20. The axial gap motor according to claim 1, wherein the plurality
of permanent magnet segments mounted on the supporting member is
embedded inside the supporting member wherein a hollow sleeve
vertically protruding from a flat surface of the rotor is formed
integrally on at least one side of the hub section of the
supporting member of the rotor, and wherein the output shaft
penetrates the hollow sleeve and is connected to the hollow sleeve
so as to rotate together with the rotor, and wherein the hollow
sleeve of the supporting member and the output shaft are
spline-coupled and bonded together using an adhesive.
21. The axial gap motor according to claim 1, wherein the resin is
selected from a group containing epoxy resin, phenol resin and
melamine resin, wherein the plurality of permanent magnet segments
mounted on the supporting member is embedded inside the supporting
member and wherein a hollow sleeve vertically protruding from a
flat surface of the rotor is formed integrally on at least one side
of the hub section of the supporting member of the rotor, and
wherein the output shaft penetrates the hollow sleeve and is
connected to the hollow sleeve so as to rotate together with the
rotor, and wherein the hollow sleeve of the supporting member and
the output shaft are spline-coupled and bonded together using an
adhesive.
22. The axial gap motor according to claim 1, wherein a rim member
composed of high-strength insulating material is wound on an outer
peripheral section of the supporting member.

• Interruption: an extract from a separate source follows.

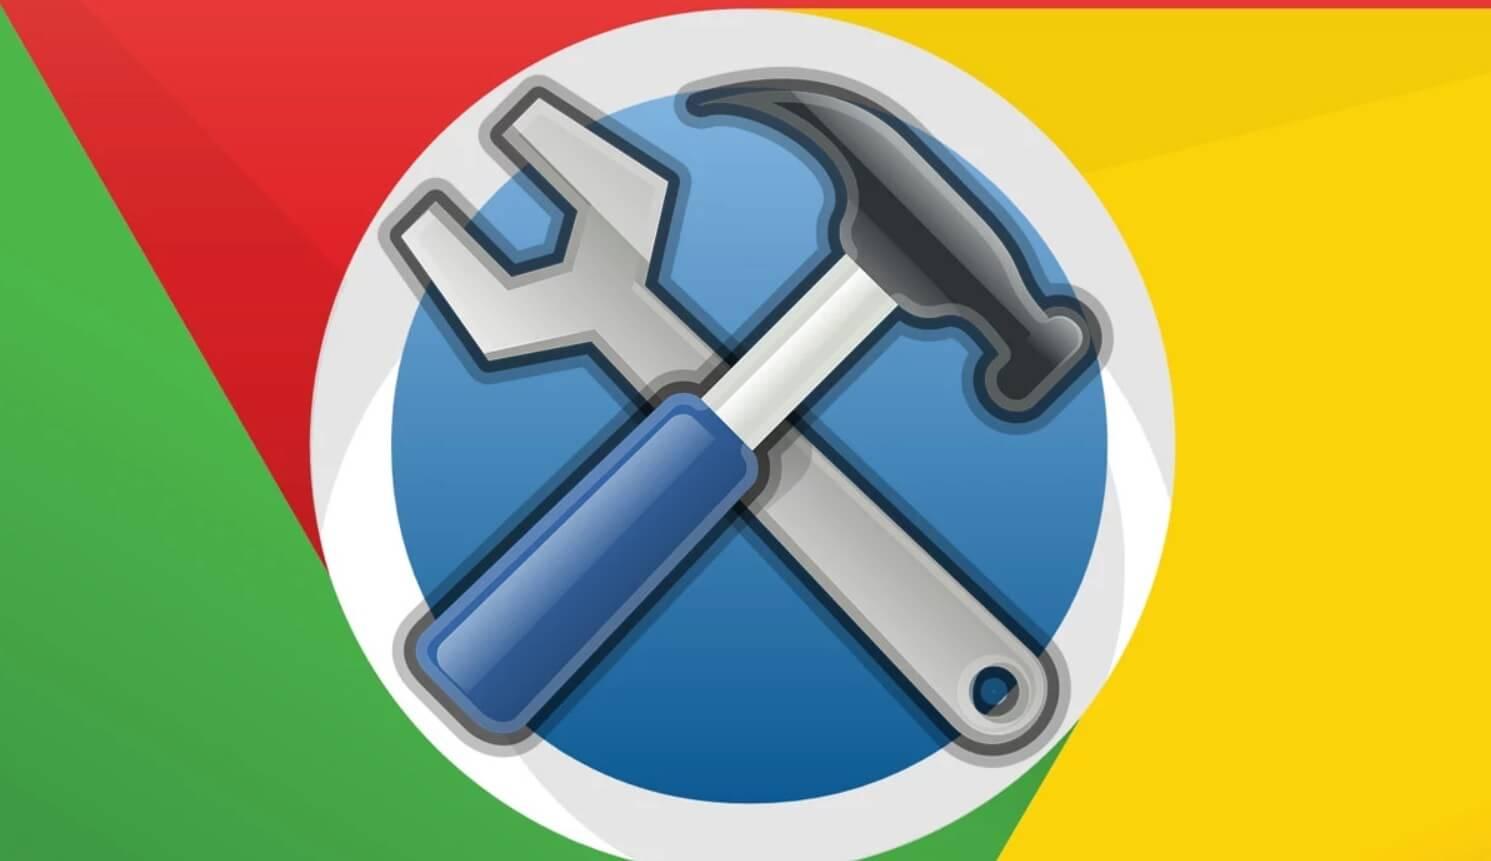 chrome-cleanup-tool-indir
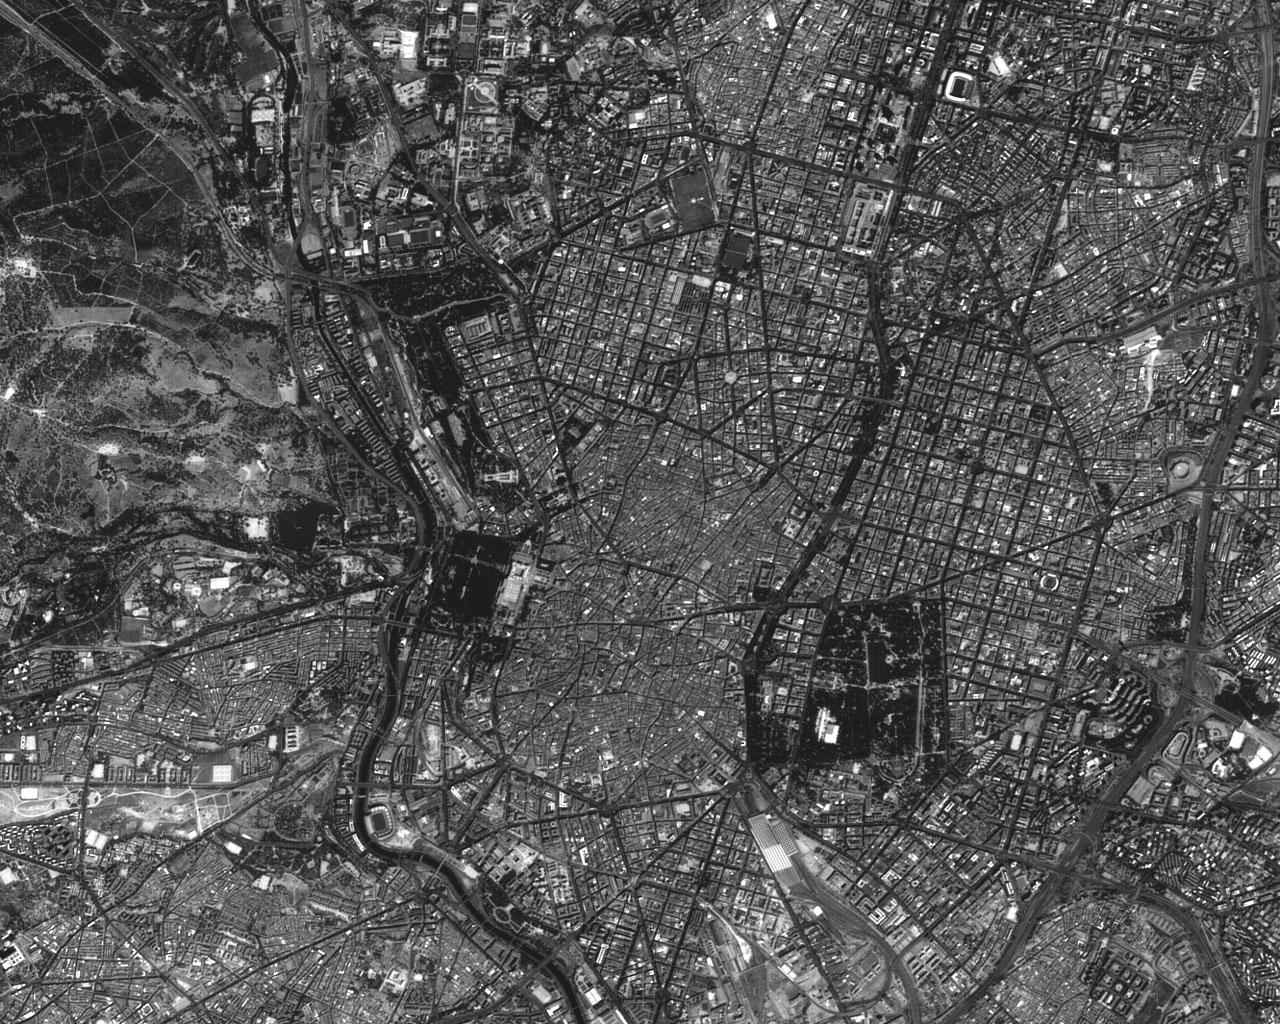 Satellite image of downtown Madrid 2001

23. The axial gap motor according to claim 1, wherein the resin is
selected from a group containing epoxy resin, phenol resin and
melamine resin, and wherein a rim member composed of high-strength
insulating material is wound on an outer peripheral section of the
supporting member.
24. The axial gap motor according to claim 1, wherein a rim member
composed of high-strength insulating material is wound on an outer
peripheral section of the supporting member, and wherein the
high-strength insulating material is a resin material reinforced
with glass fiber, aramid fiber or carbon fiber.
25. The axial gap motor according to claim 1, wherein the resin is
selected from a group containing epoxy resin, phenol resin and
melamine resin, wherein a rim member composed of high-strength
insulating material is wound on an outer peripheral section of the
supporting member, and wherein the high-strength insulating
material is a resin material reinforced with glass fiber, aramid
fiber or carbon fiber.
Description
[0001] The present invention relates to an electric motor, more
specifically, to an axial gap motor having a small axial dimension
and installable inside a wheel of a vehicle.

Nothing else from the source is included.